The swarm of Dezonic Wasps above me shrieked in sudden, mechanical panic. Their rapidly vibrating wings couldn't generate enough lift to combat the sudden, immense gravitational pull.
It rained interdimensional bugs.
Over two hundred of the massive, football-sized insects were dragged violently out of the air. They slammed into the asphalt around me with heavy, sickening *crunches*. The sheer density of the grey aura pressed them flat against the concrete. Their chitinous armor cracked and popped like bubble wrap under a steamroller, highly corrosive yellow acid pooling harmlessly into the gutters.
I stood in the center of the massacre, gasping for air, the heavy slate-grey aura slowly retracting back into my skin.
Every single muscle in my body was screaming in agony. The burn on my shoulder was radiating a hot, throbbing pain, and my lungs felt like they were filled with wet sand. We had survived, but it wasn't a clean, god-like victory. It was a brutal, desperate, ugly street fight.
My Alter didn't offer a smug quip. He was completely silent, reeling from the sheer, suffocating weight of the apathy he had just been forced to metabolize. He finally understood exactly how heavy the world was for me.
We had broken through the threshold. The integration of his authority and my void had artificially forced a structural evolution in our cognitive output.
Across the street, the remaining swarm had been thinned out enough for the heavily armed mercenaries to mop up the stragglers with their scatterguns.

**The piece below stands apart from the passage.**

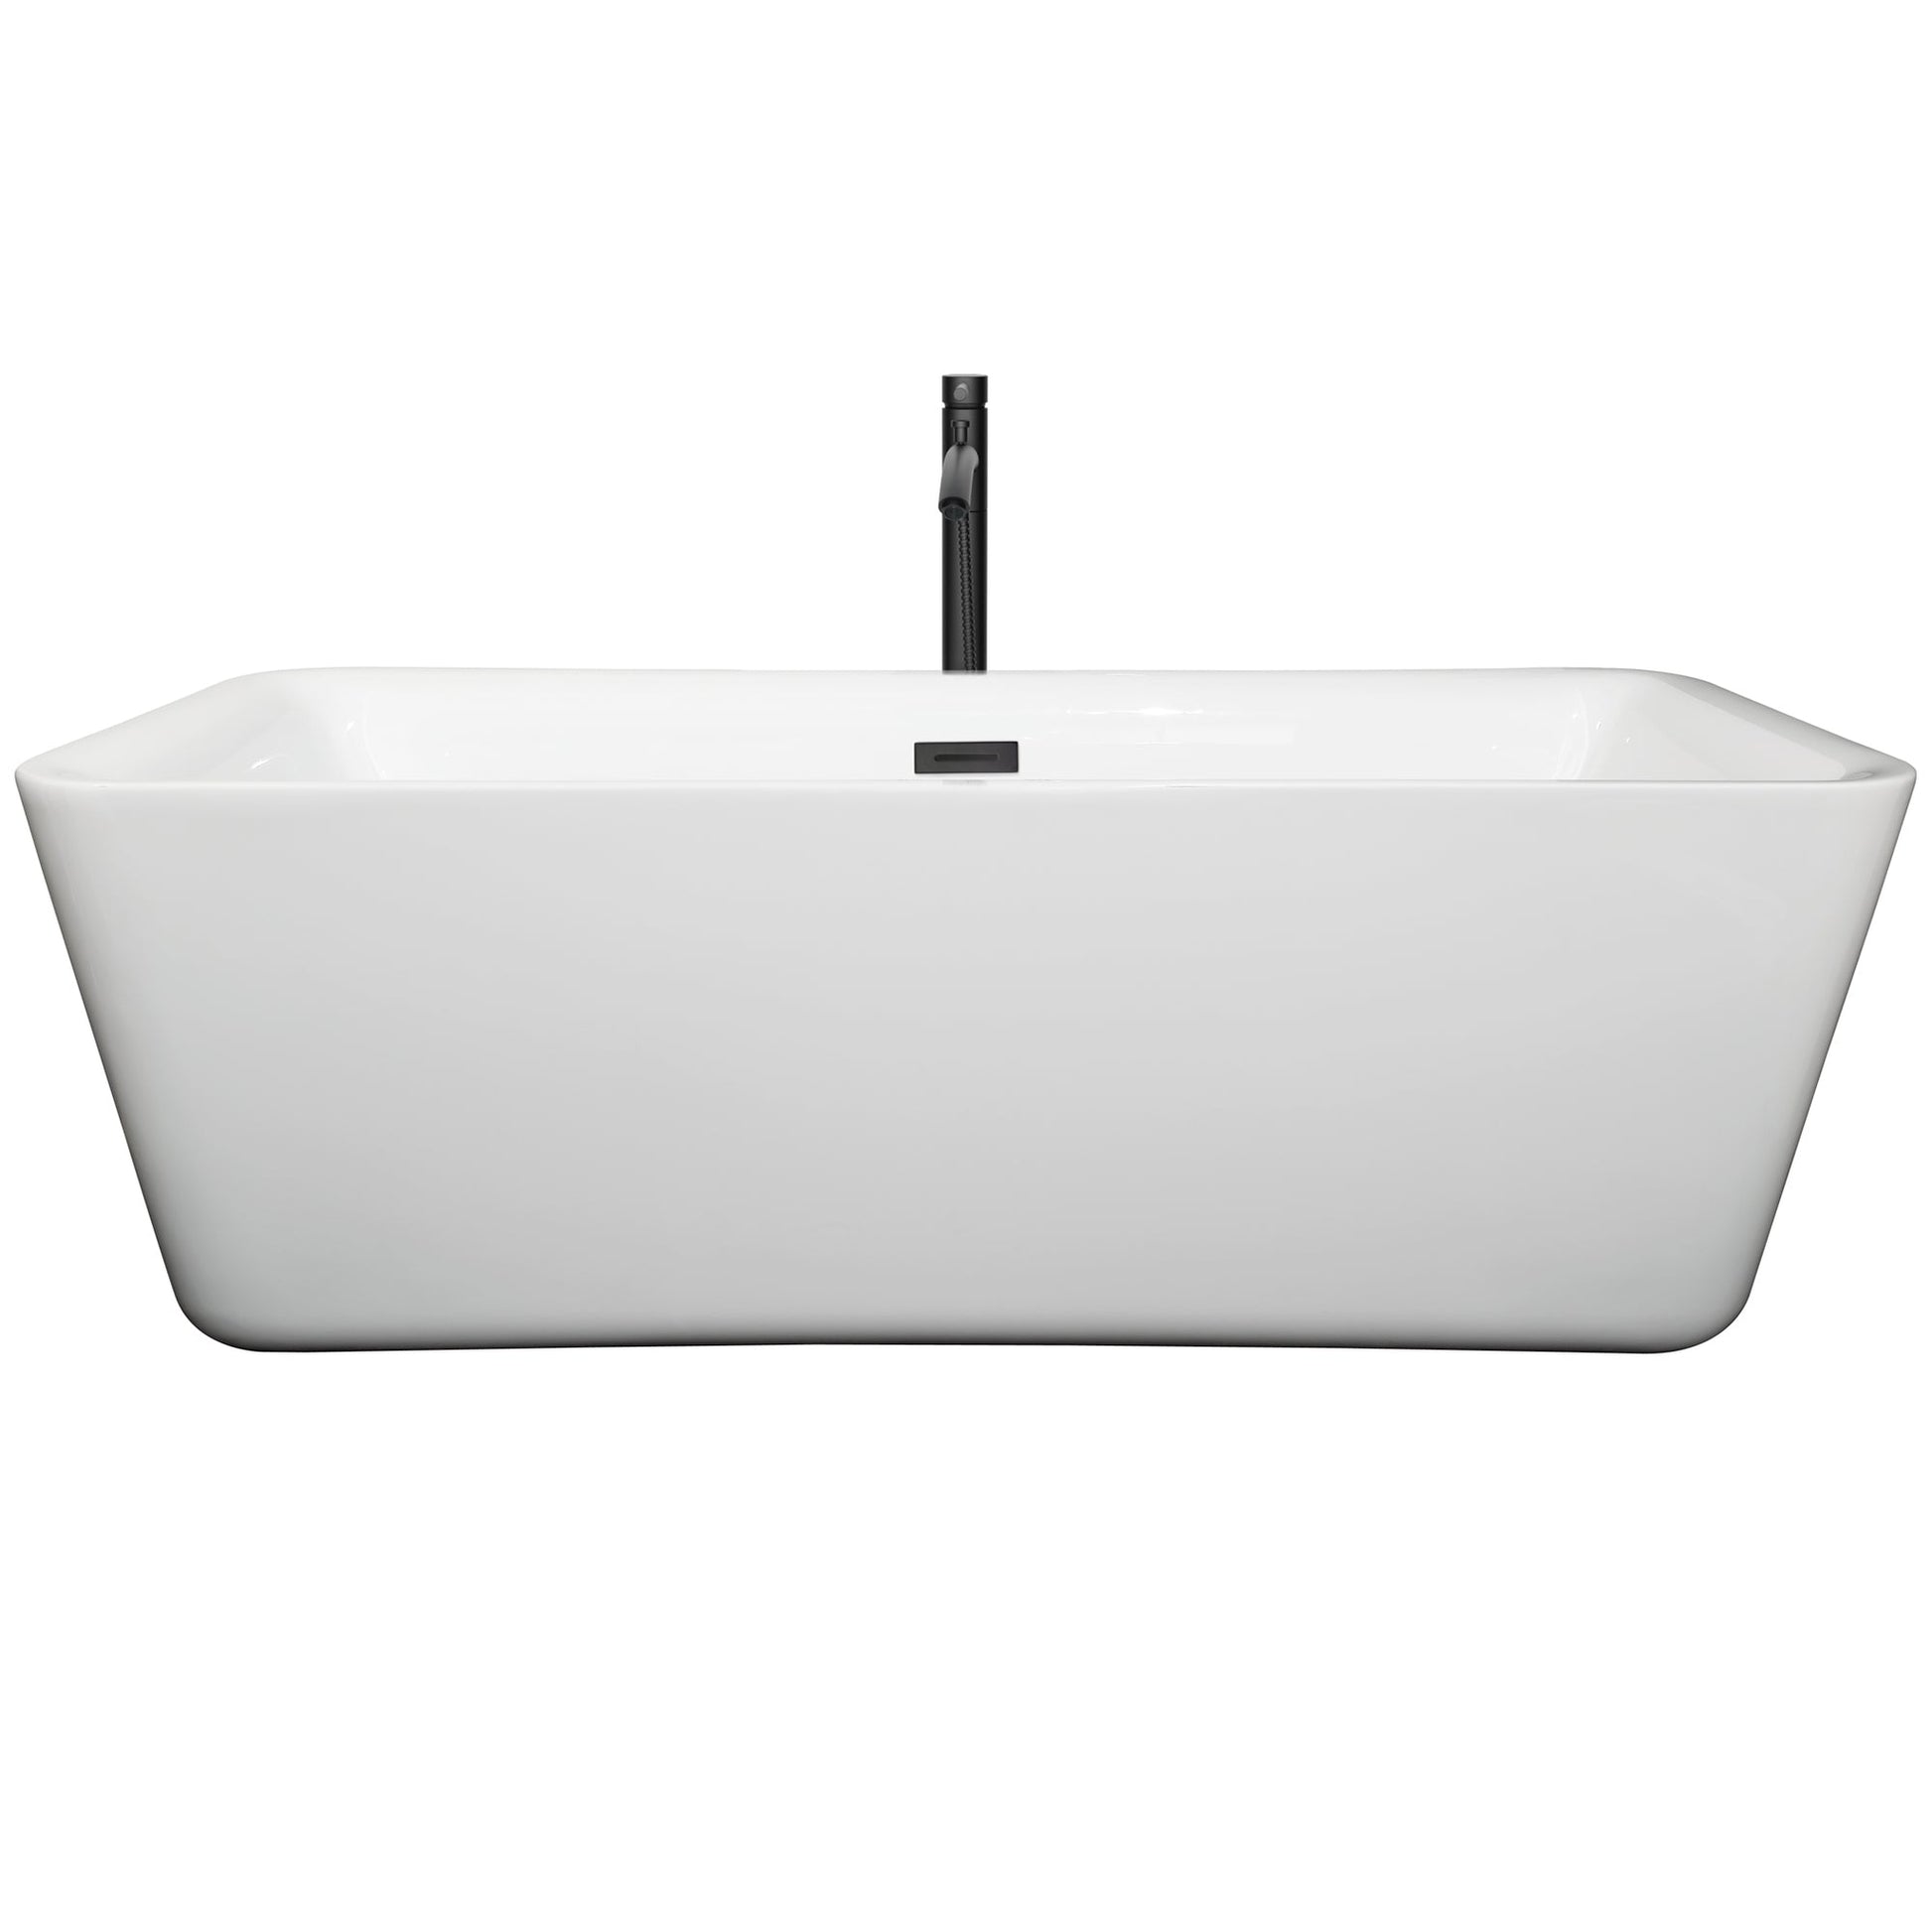 Wyndham Collection Emily 69" Freestanding Bathtub in White With Floor Mounted Faucet, Drain and Overflow Trim in Matte Black
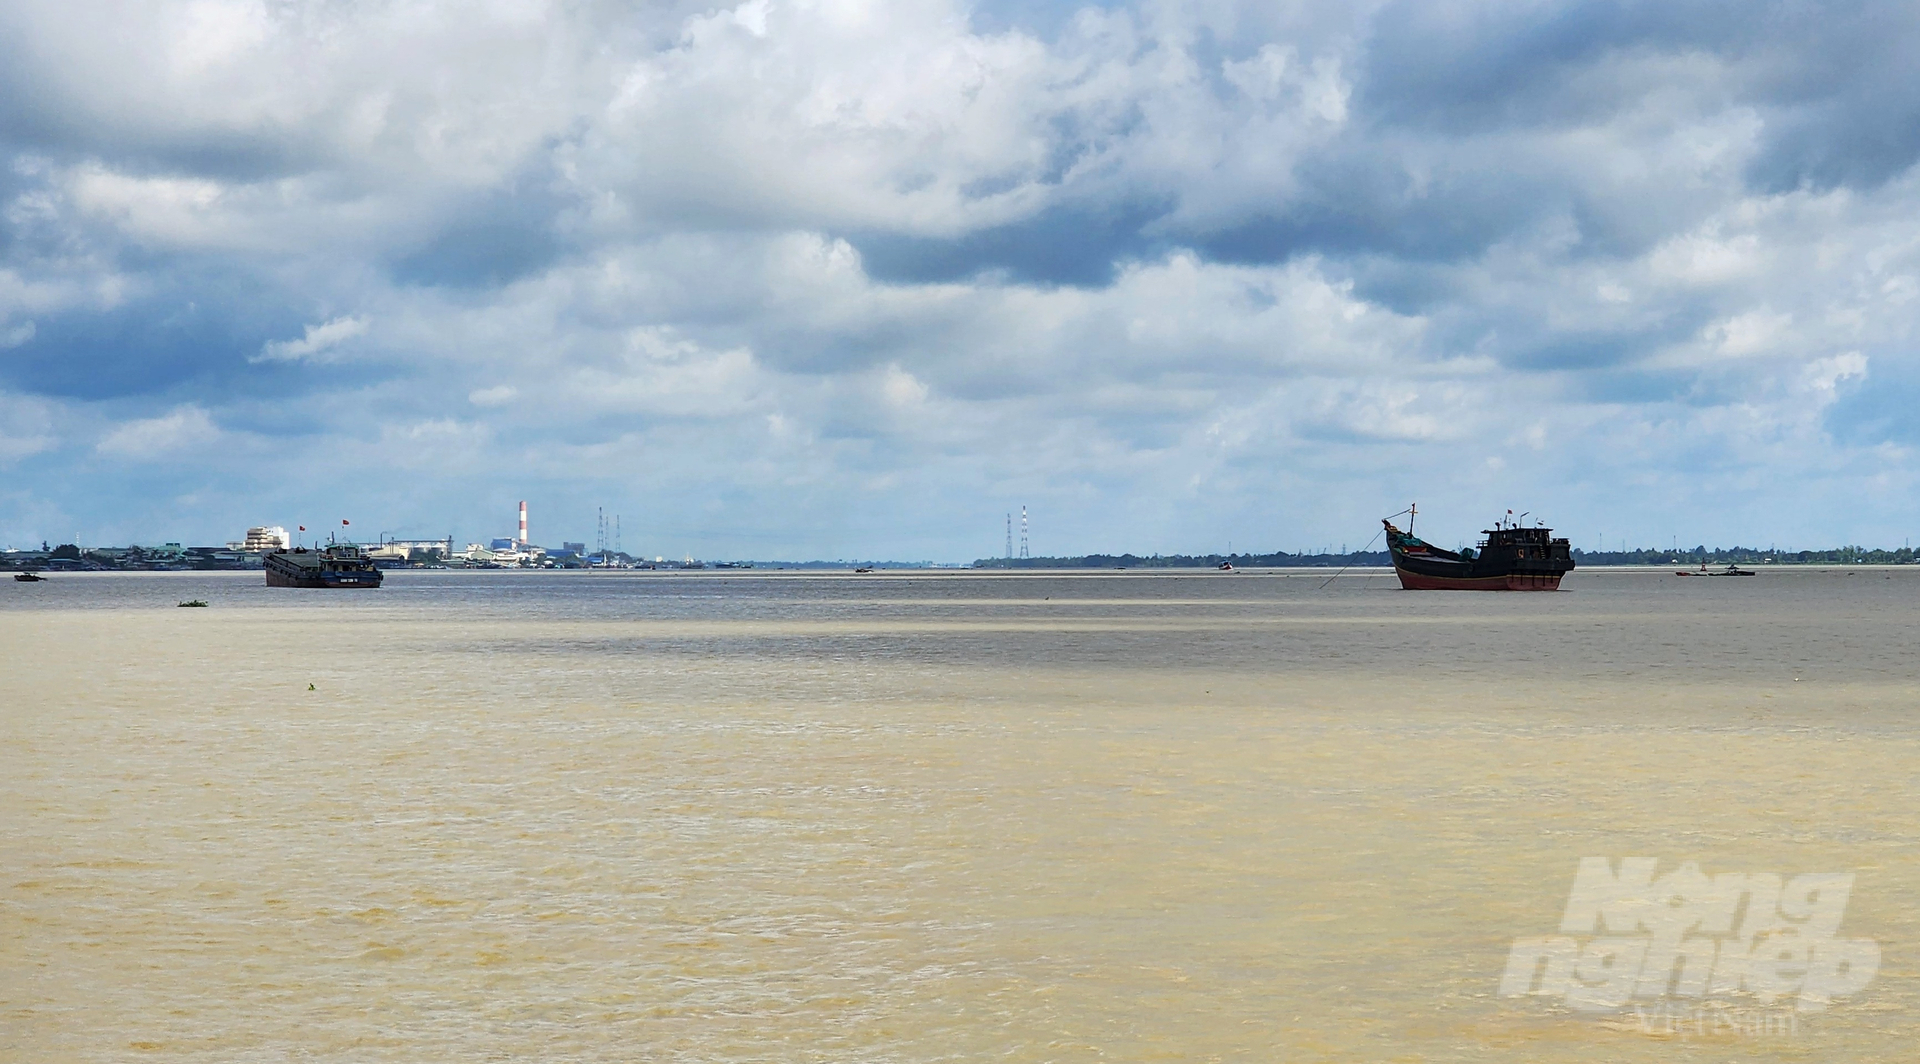 Experts assess that over the past 10 years, major floods in the Mekong Delta have decreased, while low and medium floods have increased. Photo: Kim Anh.

Dulci skidded to a halt a few yards away, her combat boots burning twin trails of smoking rubber into the pavement. Her yellow kinetic aura flickered wildly as she stared at the circle of crushed, pulverized insect carcasses surrounding me.
She looked at my heaving chest. She looked at the blood dripping down my forearm, and the completely shredded, acid-burned remnants of my ten-thousand-credit bespoke suit.
"Doc?" Dulci yelled over the screeching of the dying swarm, her voice laced with a mixture of absolute shock and newfound, genuine respect. "What the hell was that? I thought you were a blank! Your aura just went from white to lead-grey!"
My Alter slowly turned my head. The arrogant smirk was gone, replaced by a grim, exhausted scowl that belonged entirely to me.
"I am a consultant, Ms. Lace," my Alter rasped, his voice lacking any of its prior Beverly Hills polish. He reached up with a trembling hand and ripped the remaining, acid-eaten sleeve off the suit jacket, tossing the ruined silk onto the asphalt.
"And I strongly suggest," my Alter continued, staring at the shredded fabric, "that whoever summoned that tear has a very robust insurance policy. Because I am going to bill them for the tailoring."